I couldn't sleep at our Salt Creek campsite (partly due to the raccoons ravaging our pots and pans all night) so I rose early to find nearly fifty surfers already in the water. They're the tiny black specks arcoss the bay. Maybe you can't see them. These guys are serious.

Our new friends Andy and Kris let us stay in the beautiful studio above their garage six miles west of Joyce. We all decided we could have lived there forever. We were deep in the woods, the Strait of Juan de Fuca just below our windowsill.

This, I think, is the favorite stretch of riding so far. The rooty, leafy hiking trail around Lake Crescent escaped the trees for a second as the sun busted through the clouds. We spent an hour here, where an arched wooden foot bridge carries the trail around a tiny cove.

The snow capped hills above Lake Crescent.

This was the only remainder of the railroad around the north shore of Lake Crescent.

Behind the Wal-Mart in Aberdeen homeless people fish for salmon in the bottle neck of Grey's Harbor.

We spent an entire day with our couch surfing host and new good friend, Stephen. He took the day off work to show us around Aberdeen, feed us, introduce us to his friends, and entertain us for hours with hysterical and often terrifying stories. We love this guy.

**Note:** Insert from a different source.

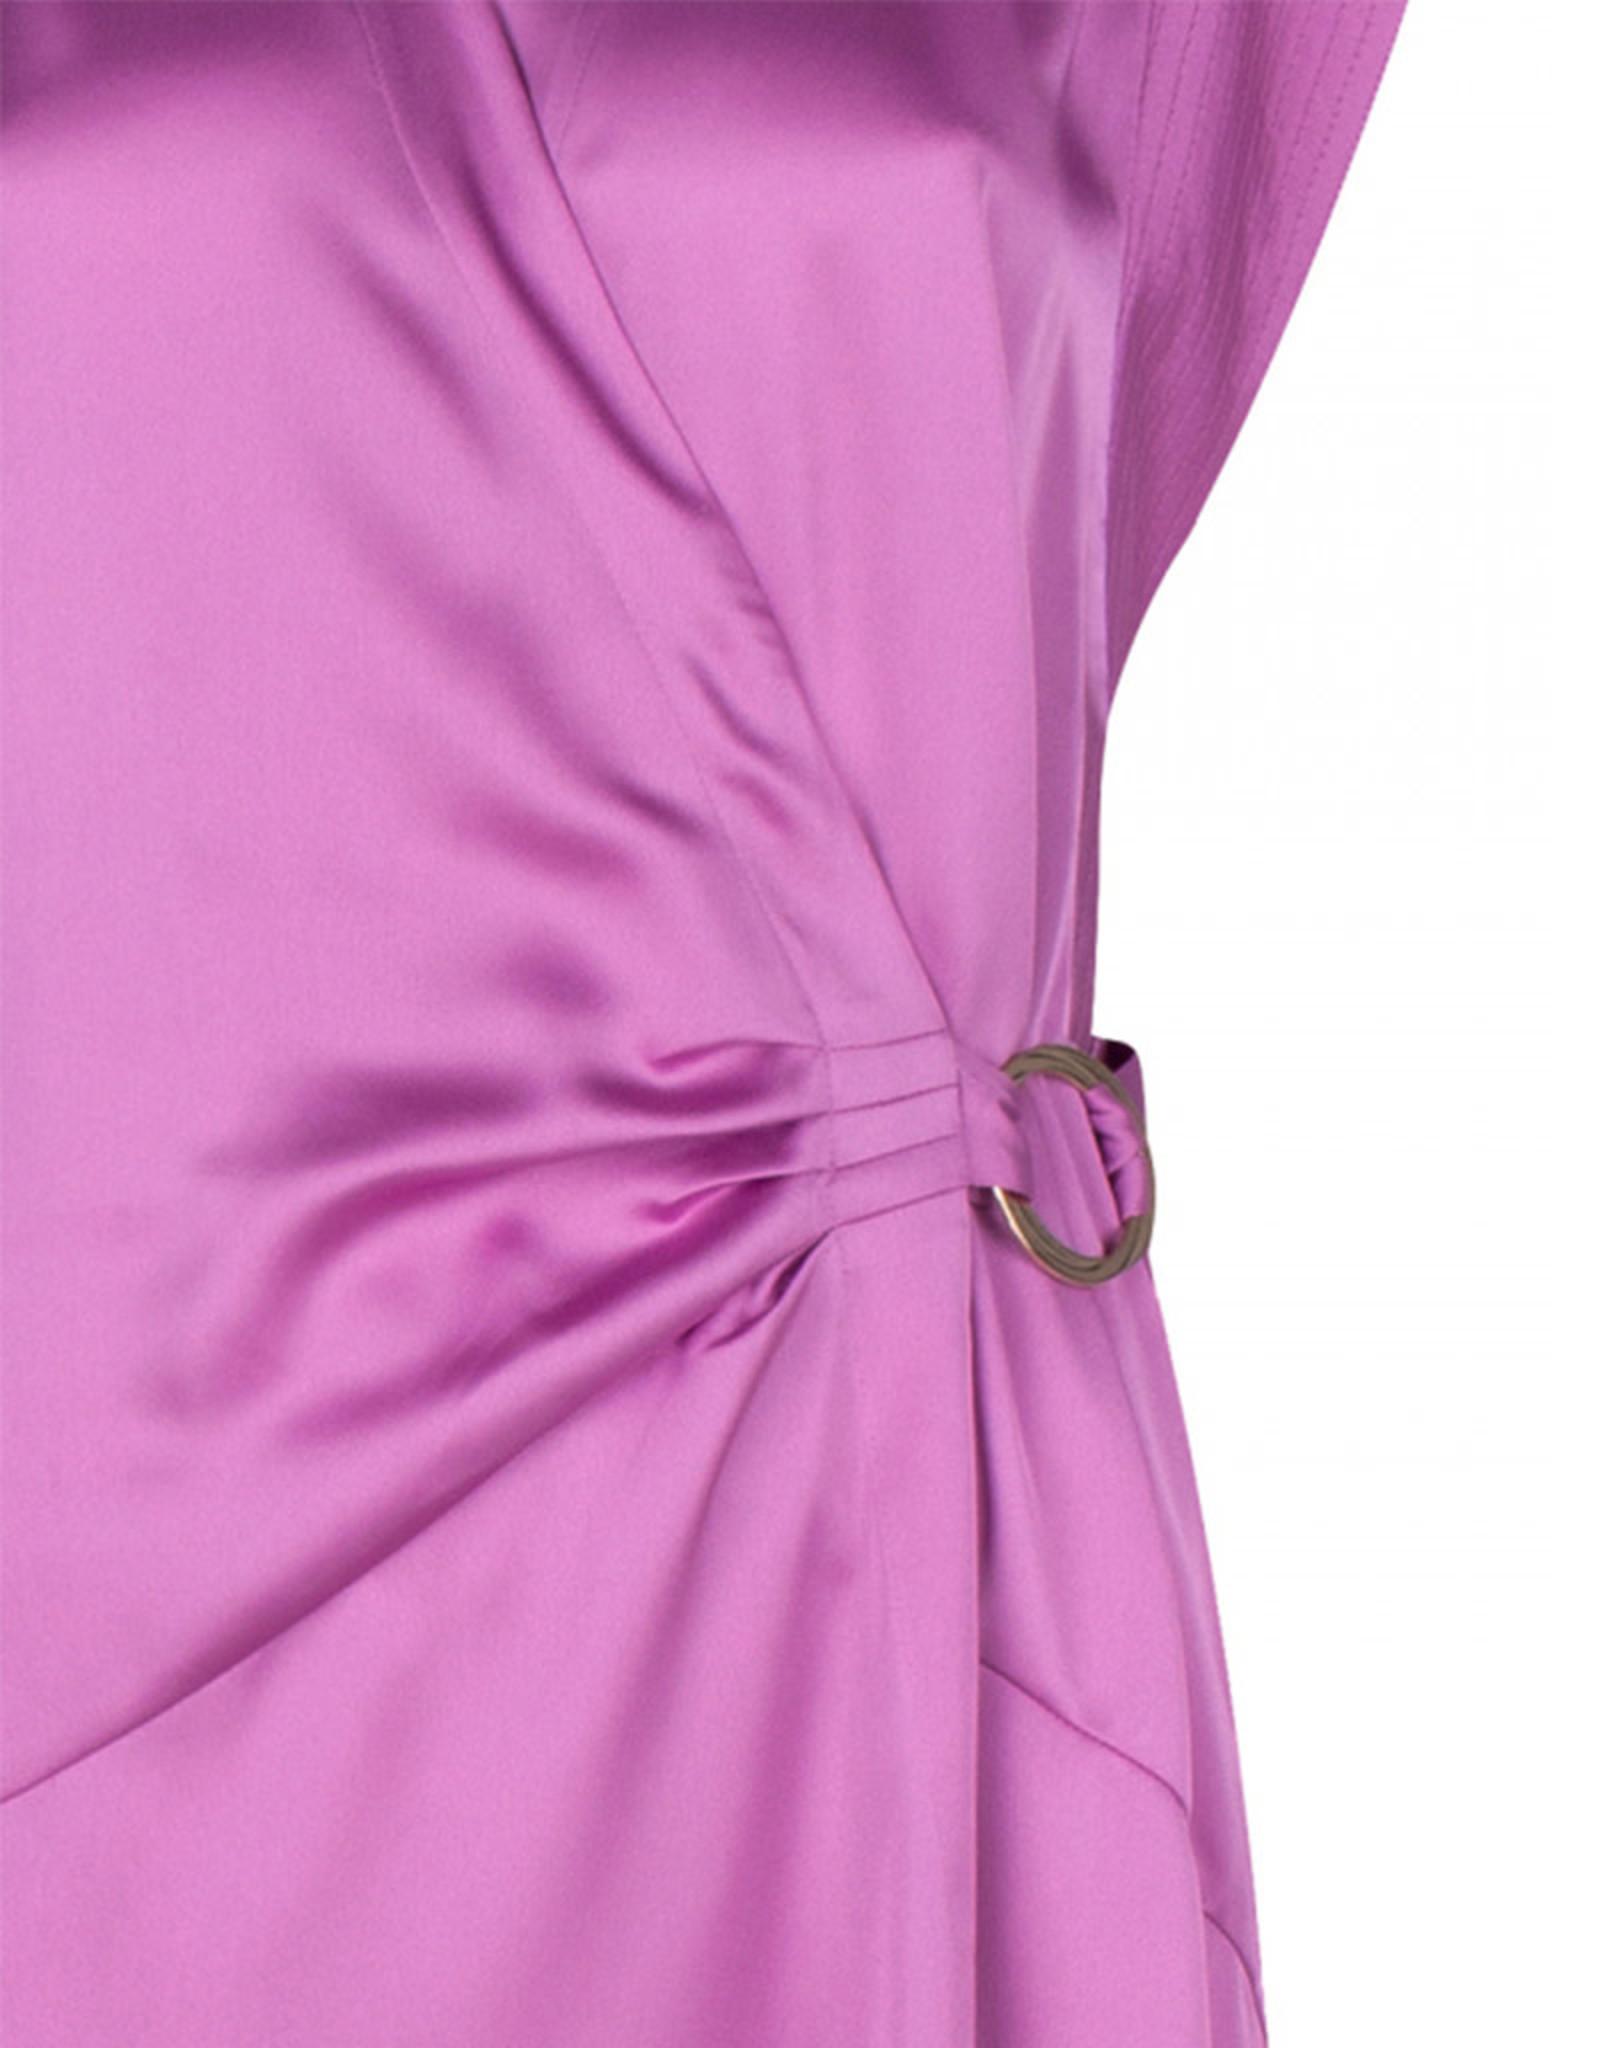 dante6 Rouet Dress

We spent another day transferring between countless county buses in attempt to catch up with the weather. The drivers tend to hate us because the bike racks only hold two bikes and we have to convince them of our method of tying the third bike between the others. We spent hours in the backs of buses ranting on and on about the nature of universal truth and the instinctual values of everything. Nothing was resolved.

This morning we left Seaside, where we kept ourselves warm watching the wind and hail from the windows of a fancy resort on the beach. Stephen's Dad and Stepmom invited us to spend a couple nights with them and we jumped at the chance. Yesterday was a very strange day. We spent hours lounging in the pool and hot tub, and taking leisurely rides down the beach. Mike and I even took a free wine tasting class. The whole time Patti was trying to fatten us up, feeding us fantastic portions of delicious food (steak, cookies, bacon and eggs, etc). We can hardly express how grateful we are for their hospitality.


  1. Nice pictures! So, have you traveled more miles by bus or bike at this point?

  2. What's with the film? Is it like a vinyl over digital thing?